While serving as a U.S. Navy communications station from 1938 to 1998, the Naval Communications Detachment at Cheltenham, Maryland was a critical participant in several important events in US history, including the attack on Pearl Harbor, Hawaii and the 1962 Cuban missile crisis. FLETC Cheltenham carries on this rich tradition of serving our nation.


The National Capital Region is home to 60-plus federal law enforcement agencies along with several state and local agencies. These agencies have a critical need for in-service/requalification training, particularly firearms, driver and tactics training. In response to this identified need, Congress enacted Public Law 106-346 in 2000, which directed the Federal Law Enforcement Training Centers (FLETC) “to establish and operate a metropolitan area law enforcement training center.” The Office of Cheltenham Operations (OCH) began large-scale training in 2004 and has experienced significant growth since. The primary mission of the facility is to provide advanced and in-service firearms, driver and tactics training to approximately 20,000 officers and agents in the National Capital Region. The facility also serves the Washington, D.C., Metropolitan Police Department and state and local law enforcement agencies on a space-available basis.

The OCH is located 15 miles southeast of downtown Washington, D.C., on a 250-acre facility, formerly a U.S. Navy Communications Station, which the FLETC acquired on May 29, 2001. The OCH provides state-of-the-art training technologies; educational and conference facilities; multi-purpose classrooms for professional development, leadership and management training; as well as computer training labs. The site is also home to the United States Capitol Police Academy, the Pentagon Force Protection Agency Academy, and the Prince Georges County Fire Academy.

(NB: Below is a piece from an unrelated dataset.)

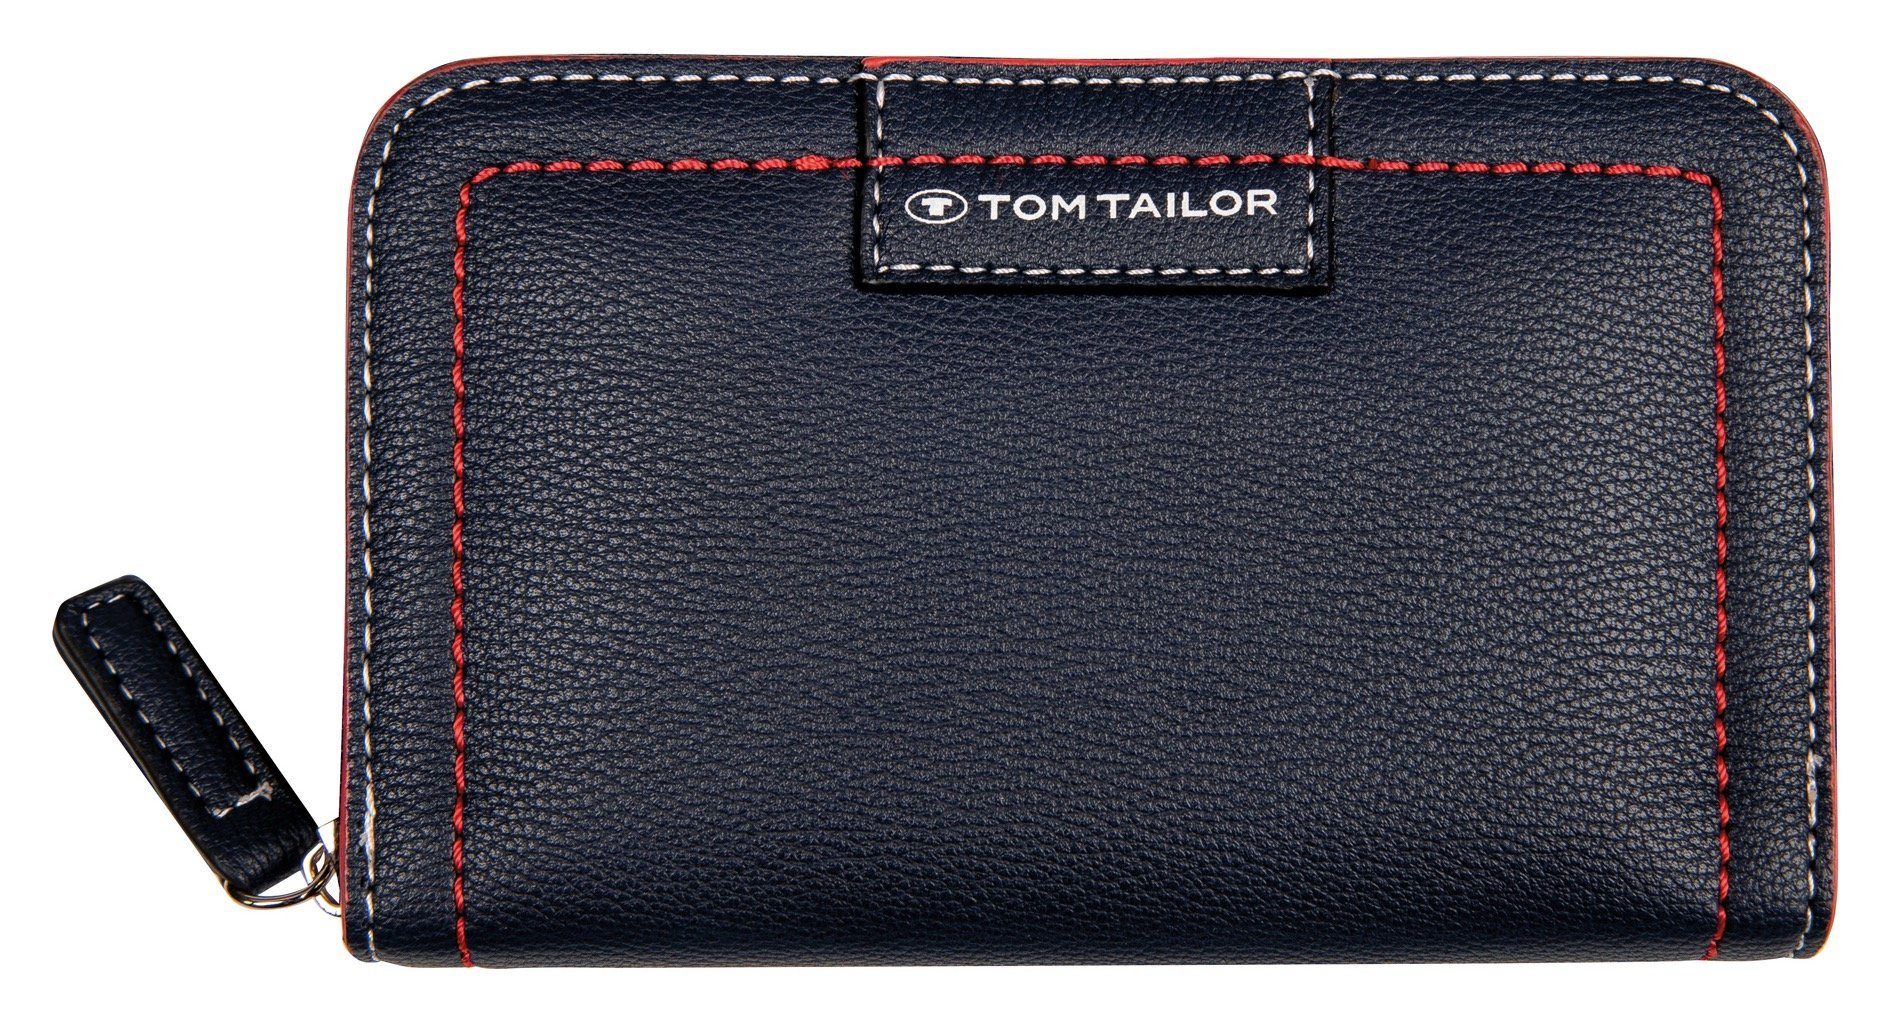 TOM TAILOR Geldbörse Miri Mare Medium zip wallet, im praktischen Design marine

The OCH indoor firearms range offers 108 firing points divided among seven ranges. These ranges are enclosed in an environmentally safe 151,605-square-foot building, which includes a 100-yard range with 11 firing points. It is arguably the largest indoor range in the country. Adjacent to the indoor firing range is a tactical village that features several building complexes constructed using large shipping containers. The village also includes tactical training houses, classrooms, a cover and concealment course and a 100 x 50 foot indoor venue designed to conduct close quarters training such as active shooter/threat. These facilities are used for a variety of in-service and advanced tactical training programs.

The site is also the home of the FLETC’s first combined skills driving range where students learn law enforcement driving skills in a real-world environment.  The combined distance 2.2 mile driving range is designed and laid out in two distinctly different driving environments.  The eastern section of the range is referred to as the “urban grid” and the western portion being known as the “highway.”  A few of the attributes included in the “urban grid” are functional traffic lights, legal road-signs, complex intersections, one-way streets, and multiple traffic lanes with grassy center medians.  The “highway” side of the driving range boasts a long straight away, numerous types of wide sweeping turns, traffic lights, along with applicable legal street markings.  All these features combined with the unique aspect of numerous elevation changes throughout both sides of the driving range, make it unrivaled when it comes to the ability to train for real-world emergency response and protective detail driving.  The driver training facility also includes an irrigated skid pad and a non-emergency vehicle operations course, which can facilitate multiple students practicing the same training objectives at the same time, on three identical courses.

In June 2012, the renovation of the former Navy Headquarters Building was completed, adding a 24-person classroom and 24-person computer lab. This complex also includes a large training venue for infrastructure protection training.